Pemuda itu menjadi penasaran dan marah sekali. Diantara banyak watak gurunya , sebuah watak yang diwarisinya adalah watak tidak takut menghadapi apapun asal merasa benar. Ia maklum akan kelihaian kakek ini , maklum dari penuturaan gurunya bahwa kelima orang tua Kong-thong Ngo lojin memiliki ilmu pukulan Ang -liong-jiauw-kang (Cengkeraman Kuku Naga Merah) dan amatlah ampuhnya, mengandung tenaga panah melebihi api membara dan merupakan kesaktian yang amat sukat dikalahkan. Ia pun mendengar pula bahwa selain Ang-liong-jiauw-kang, kelima orang kakek itu mempunyai senjata keistimewaan sendiri-sendiri dan Kok Cin Cu ini memiliki senjata sabuk baja yang dipergunakan sebagai pecut. Akan tetapi melihat betapa kakek ini mendesak dan memaksanya, timbul sifat keras kepalanya dan dia menjawab dengan tegas.

"Sebaliknya, Totiang. Dengan cara apa pun juga, Saya tidak mau ikut ke Kong-thong-pai karena tidak mempunyai urusan dengan siapapun juga di sana!"

"Bagus, engkau berani menentang pinto, ya?'' “Saya bukan menentang orangnya melainkan perbuatan dan sikapnya yang tidak benar yang saya tentang!"

"Bocah sombong! Kau kira pinto takkan dapat menangkapmu?" Tosu tua itu menjadi marah. Dia bukan seorang pemarah, di depan murid-murid dan keponakan-keponakan muridnya, dia selalu di desak omongan oleh pemuda ini, tentu saja dia menjadi malu dan menganggap Keng Hong tidak memandang mata kepadaya. Dia suka berlaku sungguh sungkan dan mengajak pemuda itu ke Kong-thong-pai sehingga keputusan akan dijatuhkan terhadap pemuda ini bukan keputusan dia sendiri, melainkan keputusan kelima orang Kong-thong Ngo-Lojin. Hal ini saja sudah dia lakukan secara banyak mengalah terhadap seorang pemuda, kini di tambah oleh bantahan-bantahan Keng Hong, benar-benar membuat kakek ini kehilangan kesabaran dan lupa diri. Ia sudah melangkah maju dan cepat mencengkeram untuk menangkap pundak Keng Hong dengan tangan kanan sedangkan tangan kirinya sudah melolos sabuk baja dari pinggangnya.
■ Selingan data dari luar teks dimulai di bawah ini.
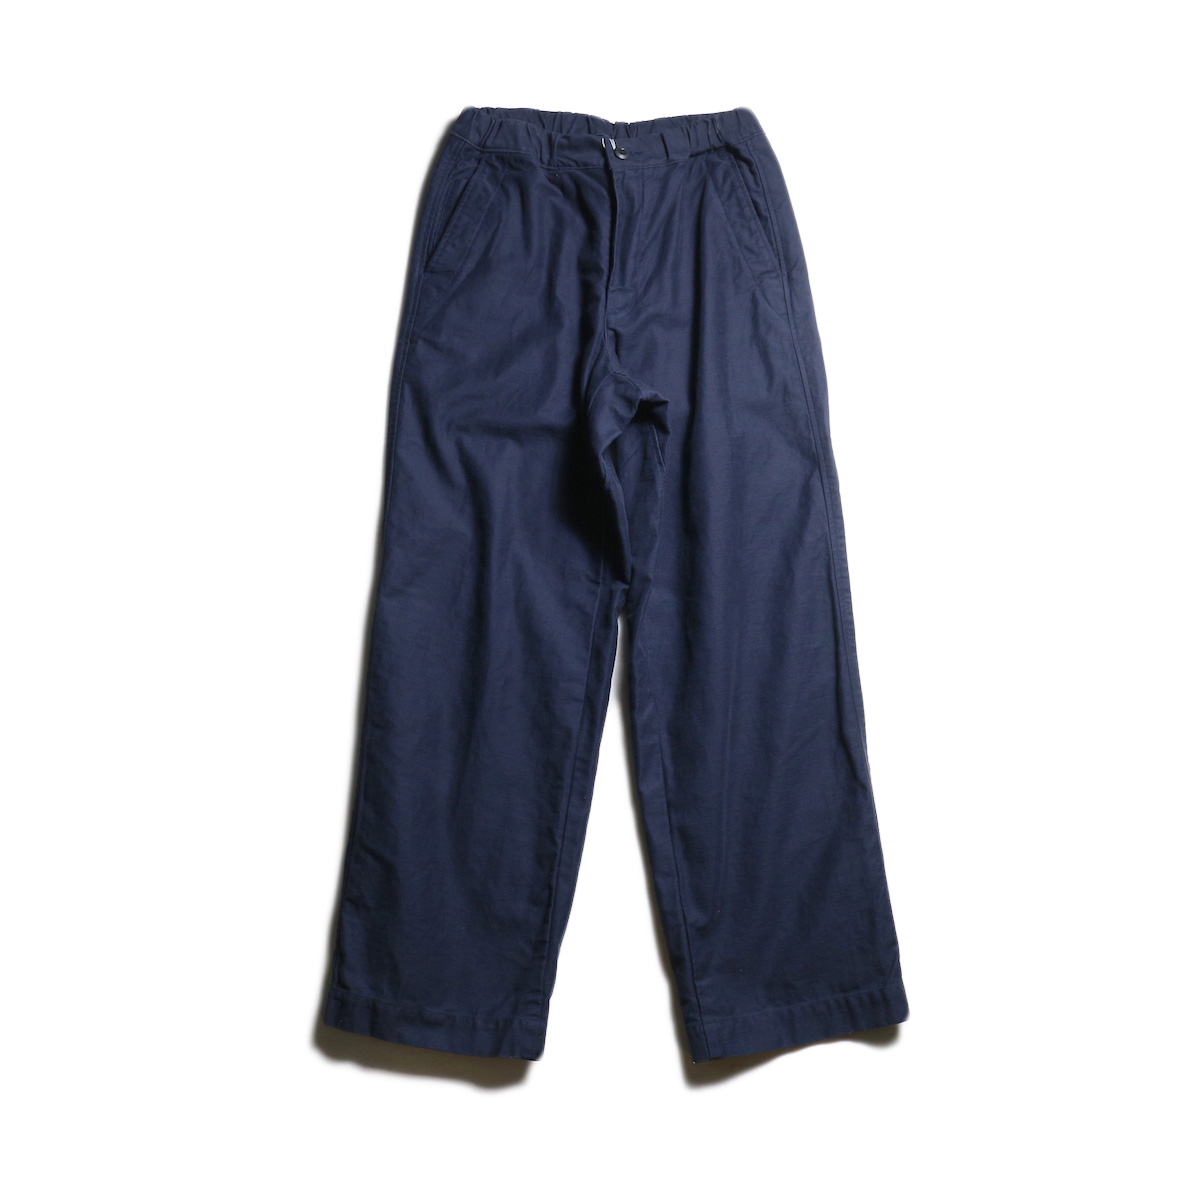 BRENA / Coq Pants (Navy)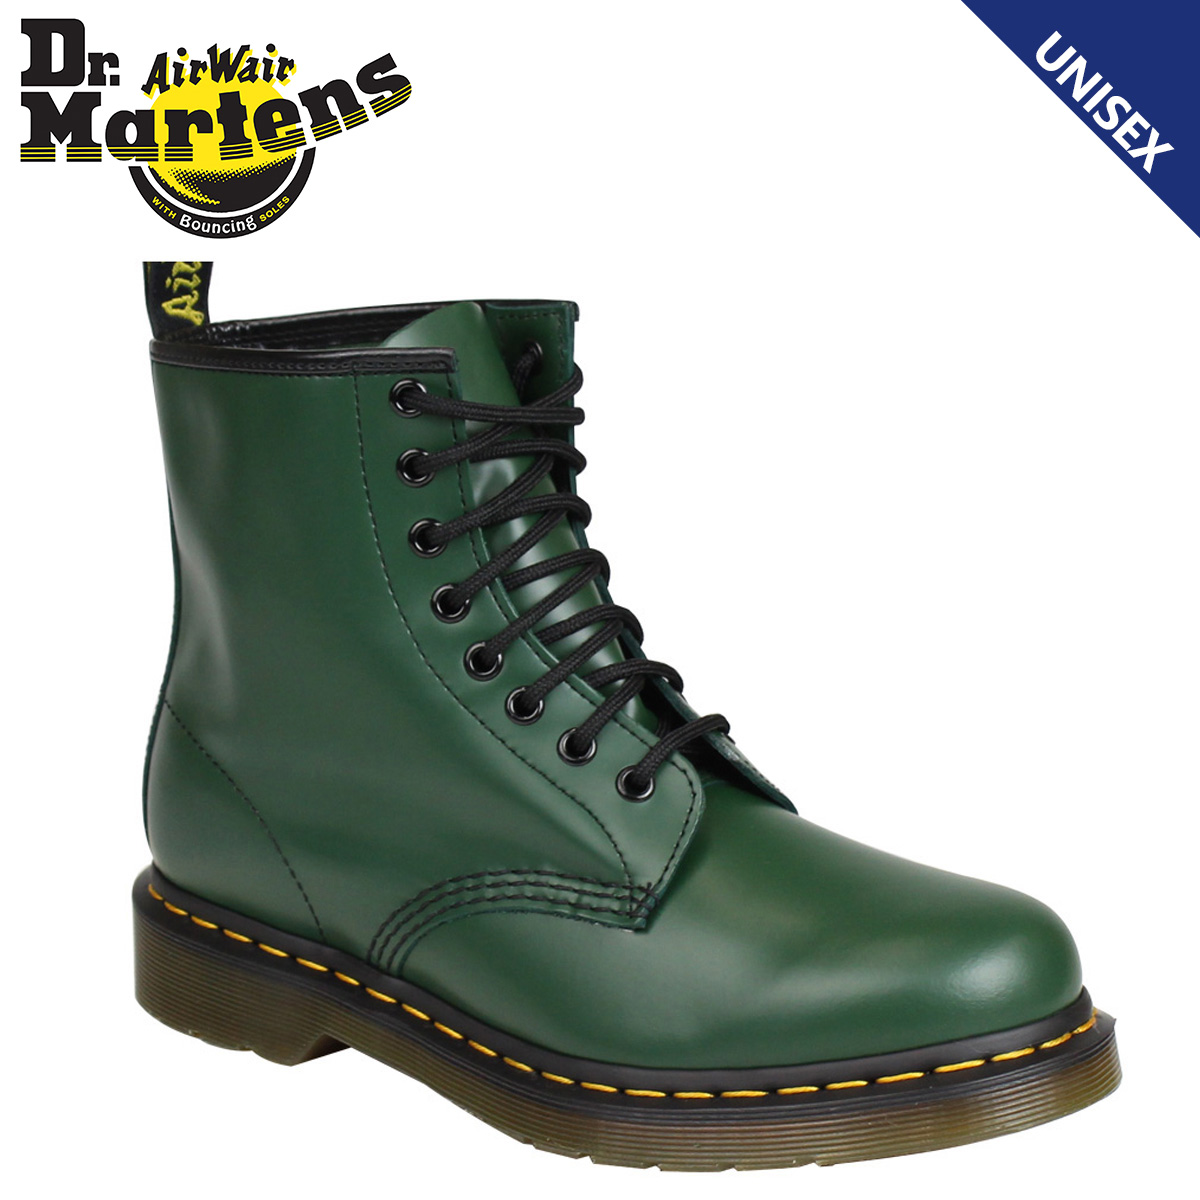 Dr.Martens ドクターマーチン 1460 8ホール ブーツ 8 EYE BOOT R11822207 メンズ レディース

Keng Hong menjadi marah dan tidak mau diam saja. Dia mengerahkan sinkang dari pusarnya, mengangkat tangan kiri menagkis cengkeraman itu.

"Plakkk!" tangan Kok Cin Cu tertangkis secara hebat, akan tetapi kakek ini lihai bukan main. Cengkeraman pada pundak yang ditangkis itu berbalik menjadi cengkeraman pada pergelangan tangan Keng Hong dan gerakannya amat cepat dan kuat sehingga sebelum Keng Hong tahu apa yang terjadi, tahu-tahu pergelangan tangan kanannya sudah kena di cengkeraman lima buah jari tangan yang panas dan kuat sekali.

"Hayaaaaaaa….! Teriakan ini keluar dari mulut Kok Cin Cu ketika kakek ini merasa betapa tenaga singkang yang terkandung dalam tangan kanannya membanjir keluar memasuki pergelangan tangan pemuda itu..Maklumlah dia kini akan cerita kepada muridnya betapa pemuda ini memiliki ilmu "menyedot sinkang lawan." Ia memang sudah bersiap-siap untuk ini, dan untuk penjagaan inilah dia tadi mencabut sabuk baja, maka kini cepat menggerakkan tangan kirinya, menggunakan sabuk itu menotok siku tangan kiri Keng Hong.

Totokan itu mengenai jalan darah dengan tepat sekali sehingga seketika tangan kiri Keng Hong menjadi lumpuh dan otomatis tangan Kok Cin Cu yang mencengkeram tadi telah melekat dapat direnggutnya terlepas. Kok Cin Cu melompat ke belakang sambil berseru.

"Bocah keji! Engkau benar-banar memiliki ilmu iblis Thi-khi-I-beng itu?" Kakek ini dia-diam merasa kagum dan juga iri hari sekali. Ilmu yang telah ratusan tahun dikabarkan lenyap itu, yang tentu saja diinginkan oleh semua tokoh tentu saja diinginkan oleh semua tokoh kang-ouw, dan bahkan Lam-hai Sin-pi sendiri, tokoh datuk hitam yang paling lihai, hanya mengerti sedikit saja tentang ilmu ini, kini dimiliki oleh bocah yang masih hijau! Ia lalu menggerakkan sabuk baja itu yang meledak-ledak di udara seperti sebatang cambuk dan berubahlah cambuk itu menjadi sinar melingkar-lingkar seperti naga beterbangan di atas kepala Keng Hong!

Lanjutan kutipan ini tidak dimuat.